Carbon-based aromatic compounds with the general formula C_nH_n are not only a universal substance class in organic chemistry but are also prominent ligands in organometallic chemistry. In contrast to free benzene, benzene ligands, coordinated to transition metal fragments show a reduced tendency to electrophilic aromatic substitutions, which is caused by the significantly reduced π-electron density.^[1] Compared to the organic benzene, the isolobal hexaphospha-benzene ligand shows similar structural features. However, very little is known about its reactivity and its tendency towards electrophilic or cationic functionalization.^[2] This contribution explores the reactivity of such a hexaphospha-benzene containing transition-metal complex as the inorganic analog of the ubiquitous benzene ligand towards oxidation as well as electrophilic functionalization with main group electrophiles and radical scavengers. While functionalization of smaller polyphosphorus complexes typically lead to mono-functionalized or ring-inserted products,^[3] ongoing research on the reactivity of this cyclo-P₆ moiety also reveals the possibility of multiple substitutions to take place. The selectivity of these reactions can be decisively modified by the choice of main group electrophile. Our approach enables the targeted and selective synthesis of novel cationic polyphosphorus complexes, which bridge the gap between the reactivity of organic and inorganic aromatic systems.

 

[1]  a) V. Graves, J. J. Lagowski, Inorg. Chem. 1976, 15, 577–586; b) H. P. Fritz, E. O. Fischer, Z. Naturforsch. B 1957, 12, 67–68.
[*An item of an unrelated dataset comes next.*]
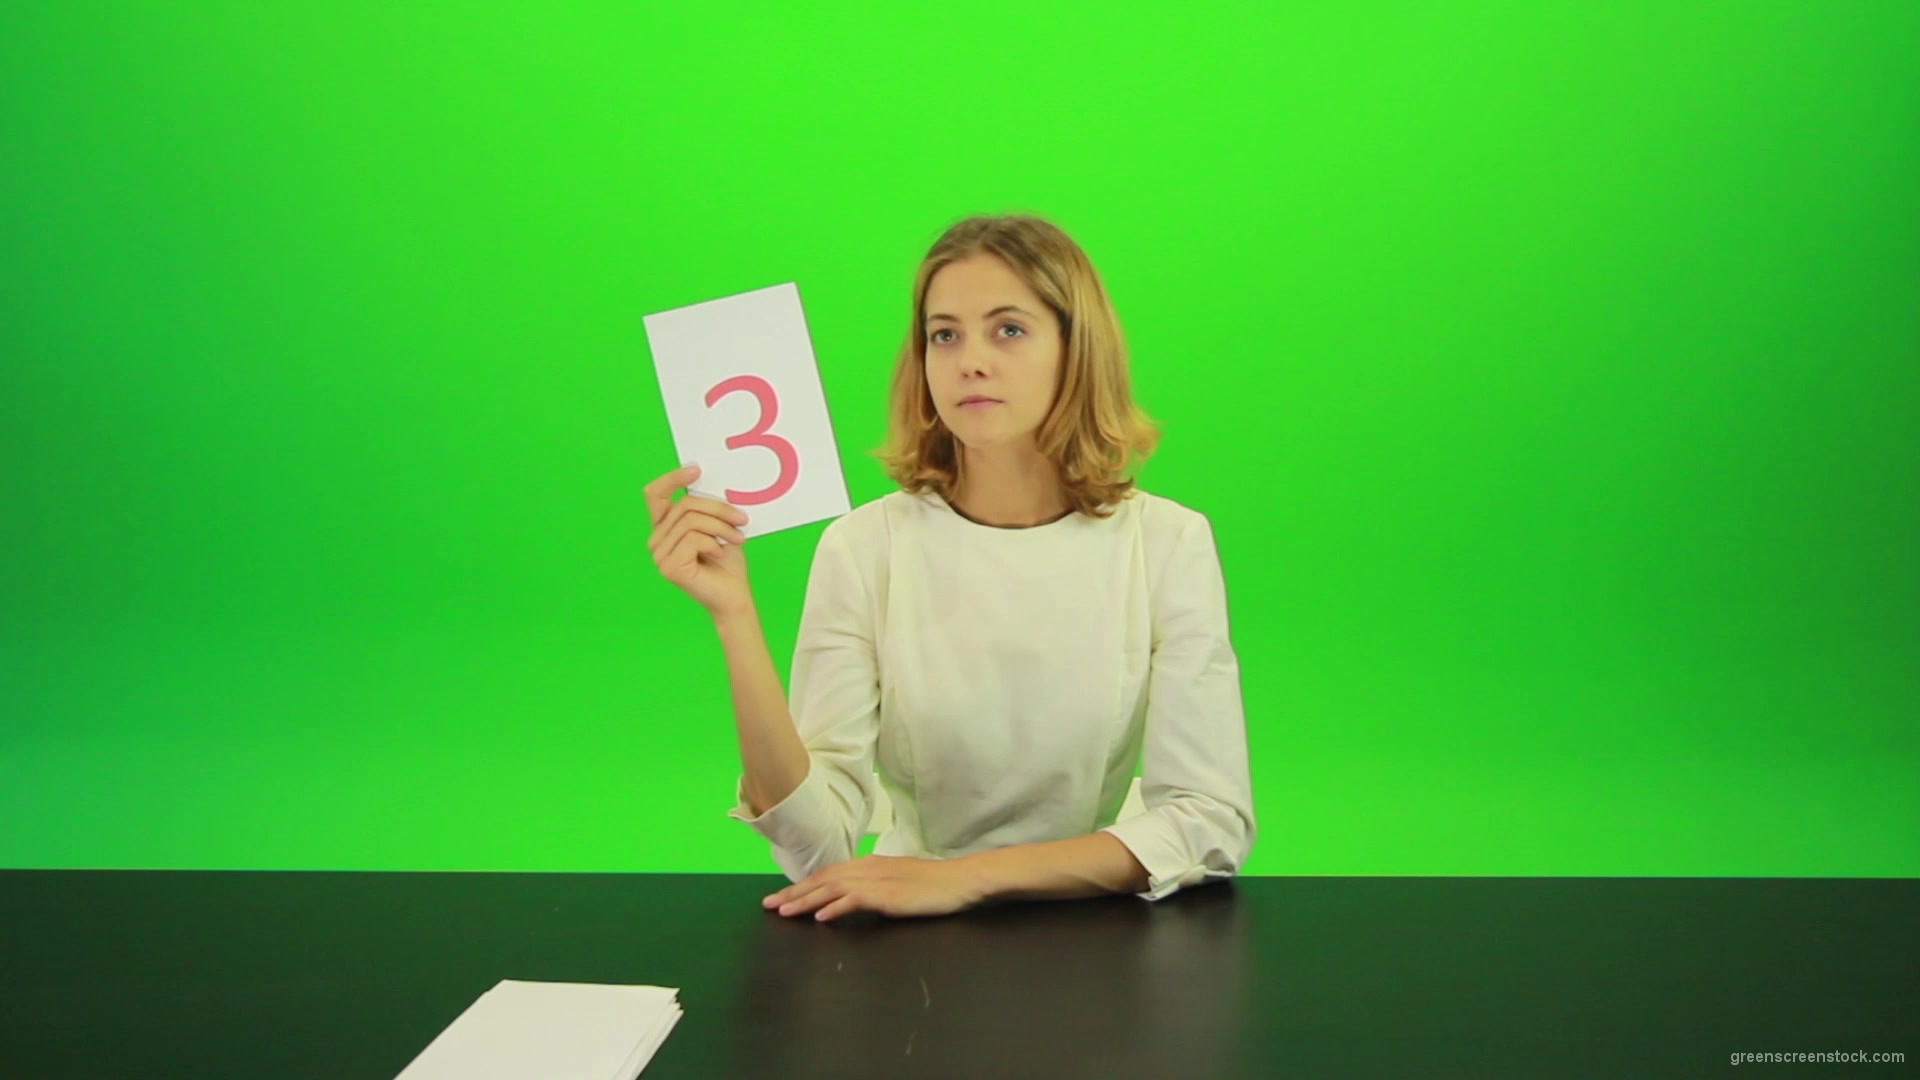 Blonde-hair-girl-in-white-shirt-give-3-point-mark-score-Full-HD-Green-Screen-Video-Footage_005 Green Screen Stock

[2]  A. Garbagnati, M. Seidl, G. Balazs, M. Scheer, Chem. Eur. J. 2022, e202200669.

[3]  a) C. Riesinger, G. Balázs, M. Seidl, M. Scheer, Chem. Sci. 2021, 12, 13037–13044; b) L. Zimmermann, C. Riesinger, G. Balazs, M. Scheer, Chem. Eur. J. 2023, e202301974; c) C. Riesinger, G. Balázs, M. Bodensteiner, M. Scheer, Angew. Chem. Int. Ed. 2020, 59, 23879–23884; d) C. Riesinger, L. Dütsch, G. Balázs, M. Bodensteiner, M. Scheer, Chem. Eur. J. 2020, 26, 17165–17170.